В общем, копали теперь конкретно под меня, возможно, искали точки соприкосновения родных, друзей, знакомых и сослуживцев с нарушителем государственных границ. Беседовали со мной сразу три чекиста: двое местных, а один приезжий, из центрального аппарата. Москвич этот приметный был, молодой, лет тридцати пяти, а уже белый от седины, и я на ходу сочинял его историю, – вероятно, выполнял особо важное задание и хватил лиха.
И он же потом проводил меня из здания, сказал на прощанье, чтоб я не волновался, ничего особенного нет, просто идёт плановая проверка сотрудников милиции. Мол, криминальный элемент всегда липнет к работникам органов, заводит знакомства, чтоб делать свои чёрные дела, а мы-де, отслеживаем и отсекаем коварных злодеев. И опровергая свои же слова, добавил по-свойски, что вопрос с увольнением будет решён положительно, если я так хочу, и ещё пожелал всяческих успехов на ниве литературы.
Душевным, симпатичным человеком оказался этот седой, ну свой в доску парень, только вот не предупредил, что теперь за мной установлено наружное наблюдение, которое я засёк через десять минут, как вышел из управления. Невзрачный человечек топал за мной и тосковал на скамеечках в сквере около двух часов, пока я ждал, когда Надежда выйдет с дочкой на прогулку. Потом первого наблюдателя сменил папаша с коляской и учебниками, – под семейного студента работал (а может, таковым и был). Далее пост принял скучающий пенсионер с авоськой (комитетчики знали, что я хорошо знаком с оперативной работой и замену игроков делали часто, чтоб не примелькались). Наконец Надежда вышла одна и застучала каблучками к магазину. Я просто встал у неё на пути и увидел полное безразличие в её глазах.
– Вот теперь я свободен, – сказал я. – И от тебя тоже.
Ещё неделю уже открыто (но под неусыпным наблюдением) жил и работал всласть у Олега Жукова, с которым учились в техникуме, но тут приехала его жена, сказала, чтоб я не сводил с ума её мужа (глядя на меня, он начал кропать приключенческие рассказы).

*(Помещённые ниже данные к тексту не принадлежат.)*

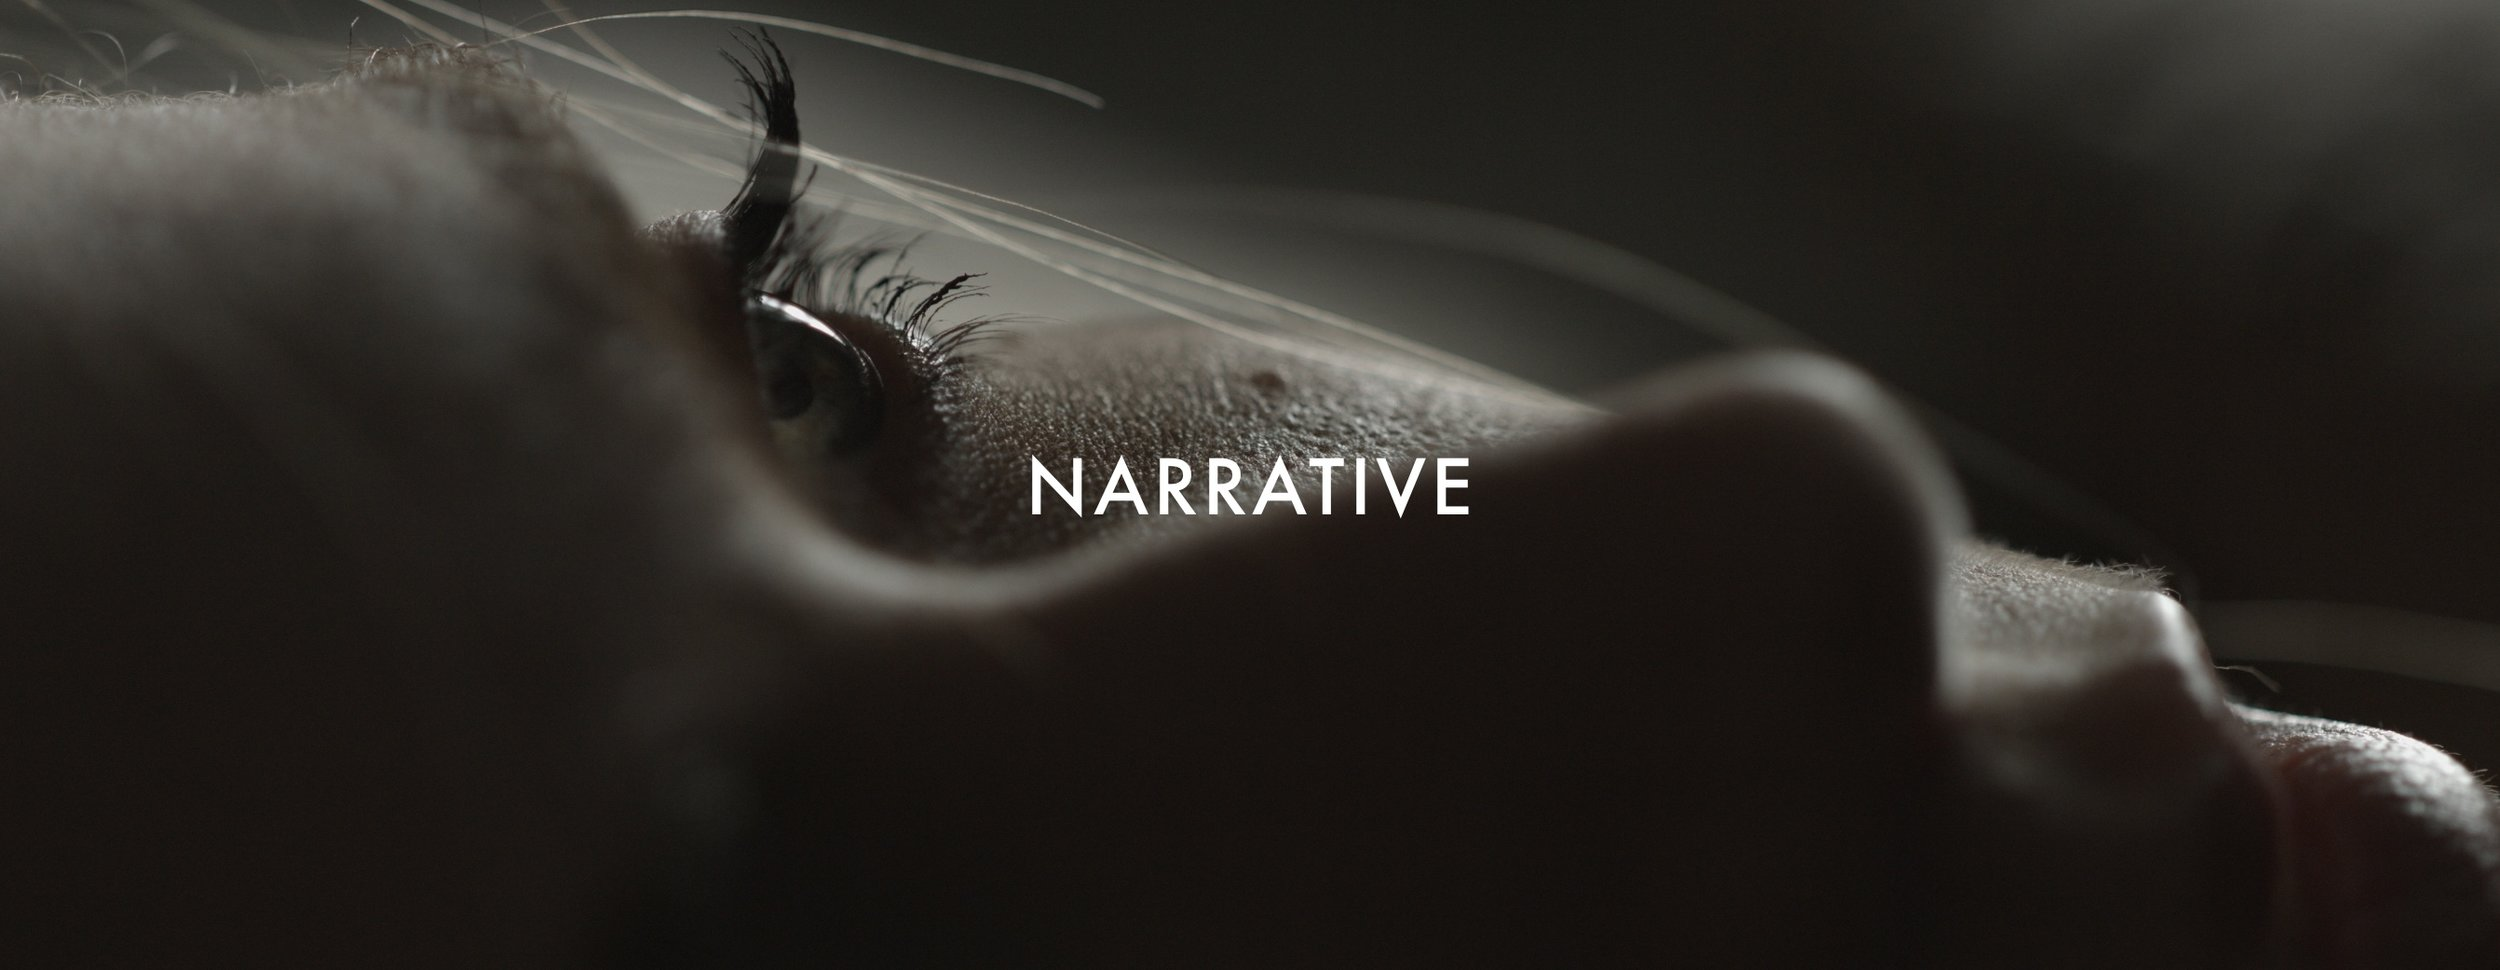 narrative_landing.jpg

И тогда из спортивного интереса я решил поиграть с чекистами в прятки и уйти из-под слежки. Пеший «хвост» скинул в городе, а сам через Анжеро-Судженск, окольными путями, приехал в Зырянское, и ночью пришёл к единомышленнику и верному другу Володе Федосееву, который спрятал меня в своей охотничьей избушке и контролировал изменение обстановки в «миру».
Здесь я начал свой первый роман, который сначала был небольшой повестью и назывался «Хождение за Словом» (позже переименован поэтом Сергеем Викуловым, бывшим тогда главным редактором журнала «Наш современник», просто в «Слово»). Толчком послужила история, произошедшая ещё в семидесятом году, когда я был на практике в Ангарской экспедиции. Начальник отряда послал меня в рекогносцировочный маршрут за пятнадцать километров, в конце которого я должен был задать точку для бурения скважины.

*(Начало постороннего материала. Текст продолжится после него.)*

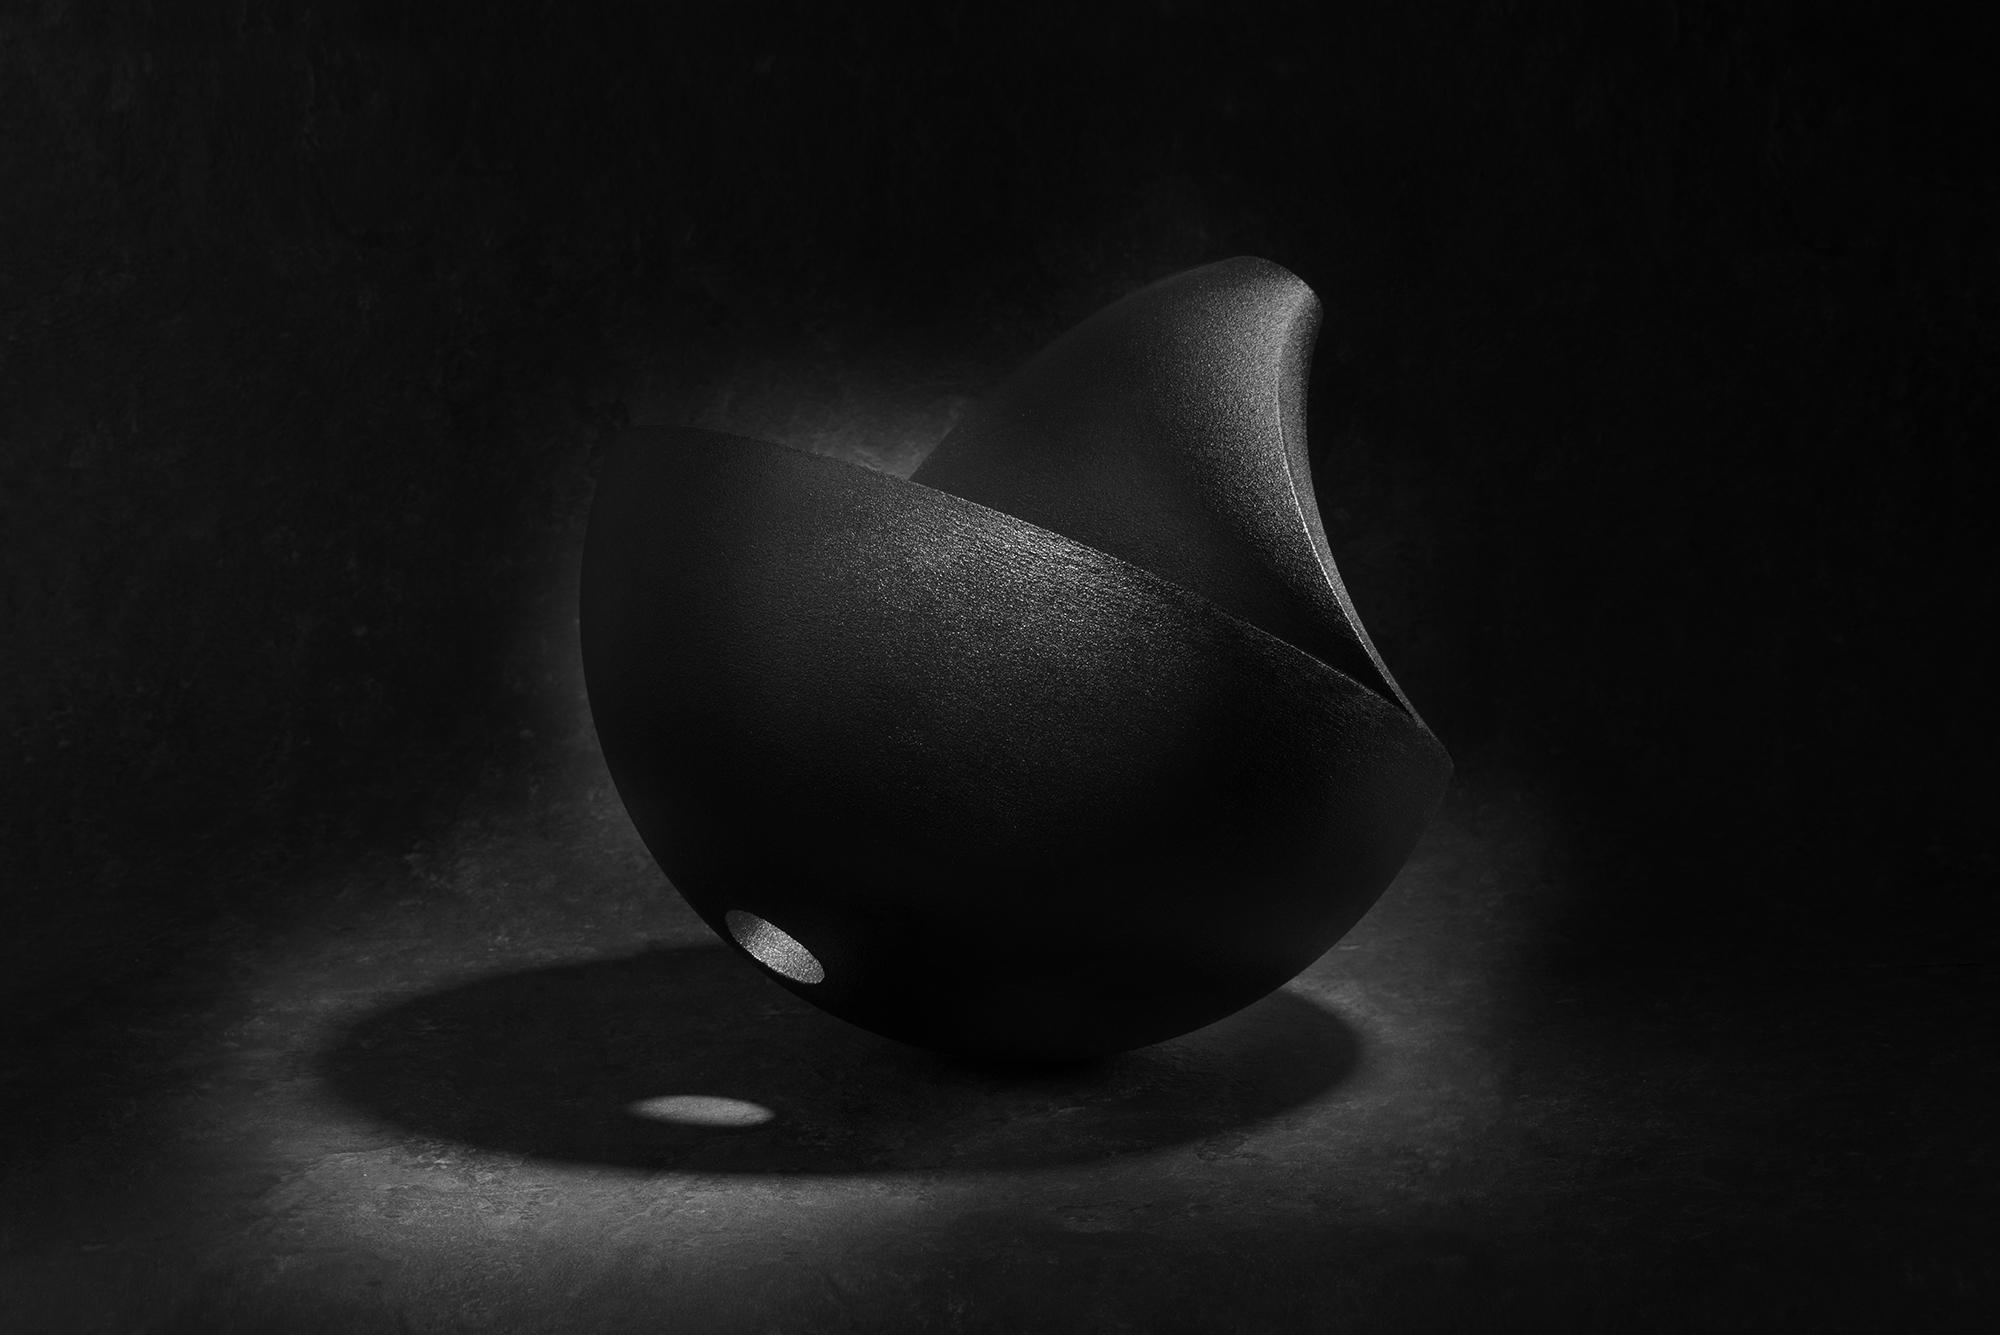 Hemi-Sphere III

Точку эту я благополучно нашёл, вбил репер, разрубил просеку до речки и неожиданно наткнулся на старообрядческий скит, погибший, может быть, лет тридцать назад. Именно погибший, поскольку косточки его последнего обитателя лежали в колоде на повети. Тогда я ещё не знал кержацких обычаев, но по наитию сделал как надо – выкопал могилу на берегу реки, схоронил и поставил заготовленный предусмотрительным хозяином старообрядческий восьмиконечный крест. В доме же оказалось семнадцать старых книг, написанных на древнерусском, а значит, тарабарском для тогдашнего моего сознания, языке. И ещё около десятка меднолитых икон, серебряный крест весом килограмма в три, лампадки и причудливые подсвечники.

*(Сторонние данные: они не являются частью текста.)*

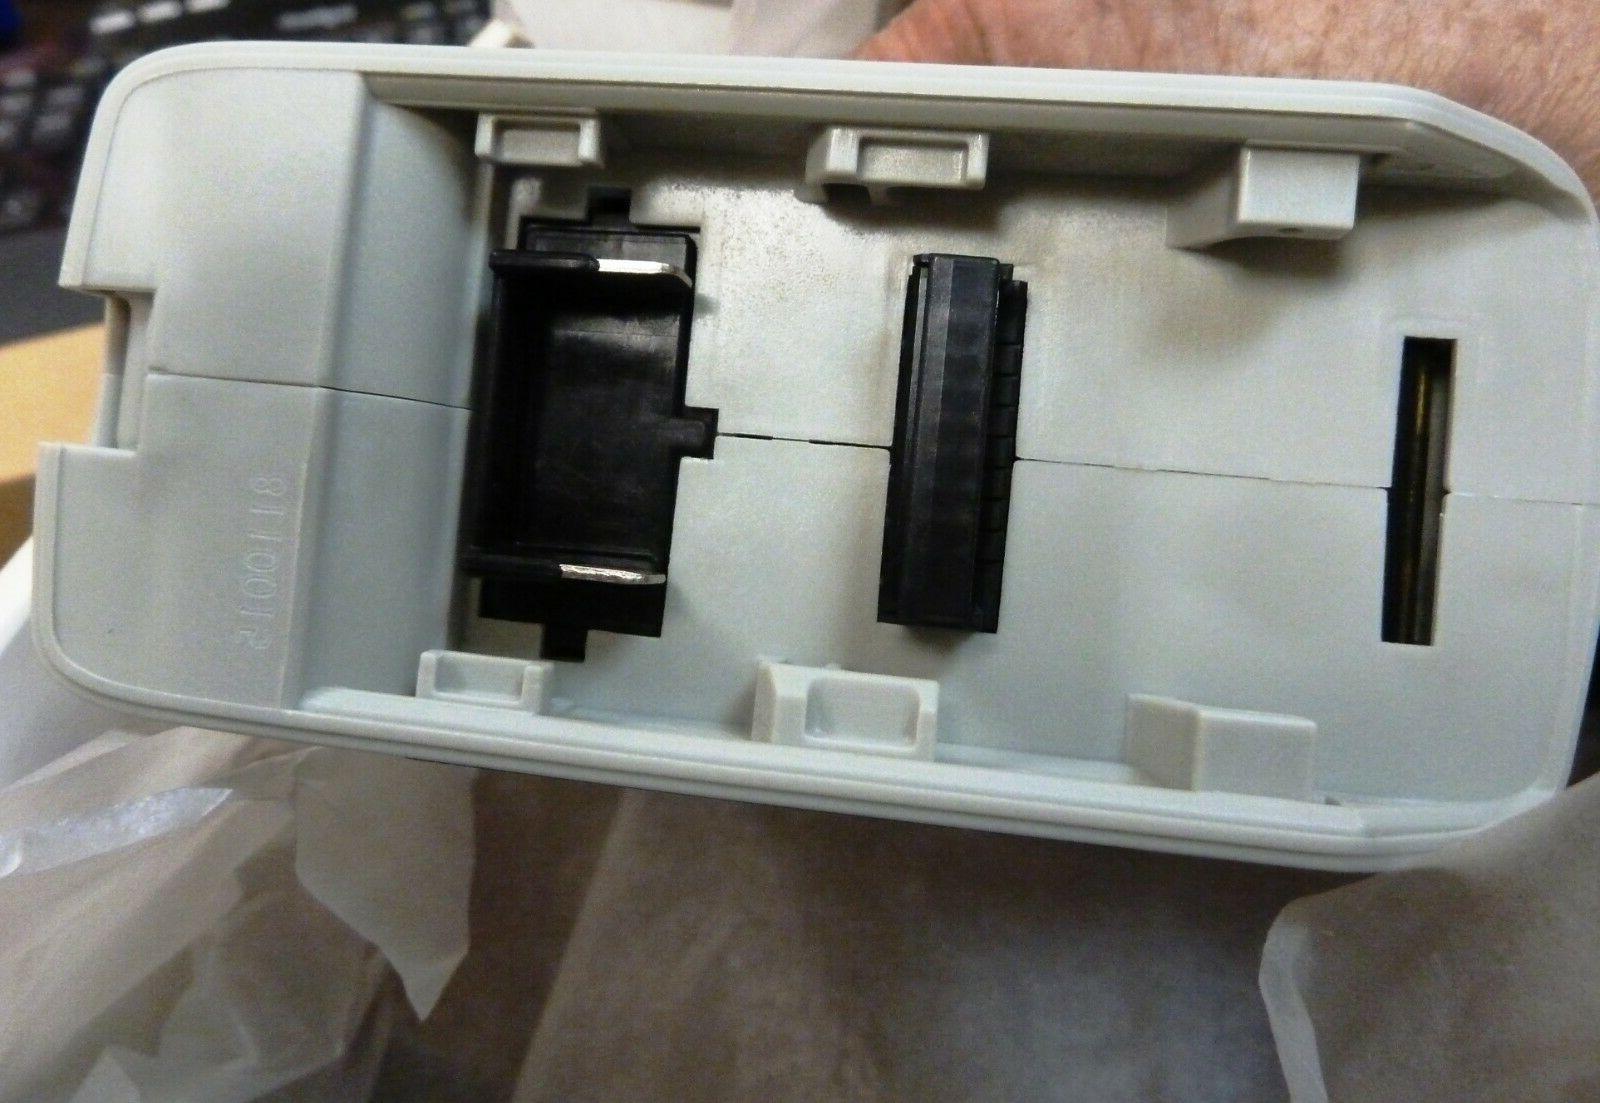 PANASONIC EY7460 Cordless Bare Tool, the Box

На Ангаре и до того находили подобные скиты, куда забирались наши буровики-бичи и всё растаскивали: сам видел икону, приколоченную гвоздями к сосне над рукомойником, сейчас думаю, века эдак шестнадцатого, с золочёным фоном. Поэтому всё найденное в скиту я затолкал в рюкзак, унёс в лагерь, запечатал в ящик из-под взрывчатки и месяц таскал за собой от стоянки до стоянки, пытался читать, вернее, искал знакомые буквы и как кровью наливался чувством, будто стою у края пропасти и в руках у меня нечто таинственное, неведомое человечеству. Наконец, меня и нашего геофизика посреди сезона послали в Красноярск за новой аппаратурой, я взял ящик и увёз с собой.
Наверное, нас правильно в школах воспитывали, и единственное, чего не объяснили и не втолковали, что люди бывают разные, есть мошенники, ворюги, проходимцы и доверять первым встречным нельзя. Потом, работая уже в милиции, я в этом убедился, а тогда времени было в обрез, потому притащил свой ящик в музей субботним днём (завтра улетать), ко мне вышел парень, раскосый, возможно, казах или из северных народов, посмотрел книги, иконы, поблагодарил, и я ушёл с сознанием выполненного долга. Но всё-таки подозрение, что сделал глупость, осталось: у этого парня отчего-то руки тряслись, когда он перебирал реликвии, а по восточному лицу я тогда чувства читать не умел.
Возвращаясь с практики, заехал в музей, узнать, ценные ли для науки эти книги – на меня смотрели вытаращенными глазами, потому как ни толстенных чёрных фолиантов, ни икон и прочей утвари никто не видел, а раскосый парень-студент одно время работал у них сторожем, да почему-то быстренько уволился…
Вспомнив эту историю, я неожиданно для себя связал Гоя со старообрядцами. А откуда ещё, как не из тайных скитов и монастырей может быть такой человек? И где ещё могли сохраниться древние способы лечения, как например, горячая шкура красного быка?
Кержаков я знал не только по экспедициям, несколько их семей жило уединённо неподалёку от моей родины, на Чети. О них рассказывали, что никого к себе не пускают, детей в школу не отдают, вина не пьют, не гуляют и только богу молятся. Иногда дед, ругаясь на бабушку, обзывал её кержачкой за то, что она слишком много времени стоит перед иконами или божественные книги читает. Жизнь их для наших леспромхозовских краёв с вольной, полупьяной жизнью казалась таинственной и одновременно страшноватой, но в детстве я старообрядцев ни разу не видел, поскольку они ушли со своего места после того, как возле скита начали рубить лес. Кержаки откуда-то появлялись и так же бесследно исчезали, за четыре месяца полевого сезона мы видели их несколько раз, но кроме брошенного жилья не находили ни единого следа, хотя работали на огромной площади и доходили до Подкаменной Тунгуски.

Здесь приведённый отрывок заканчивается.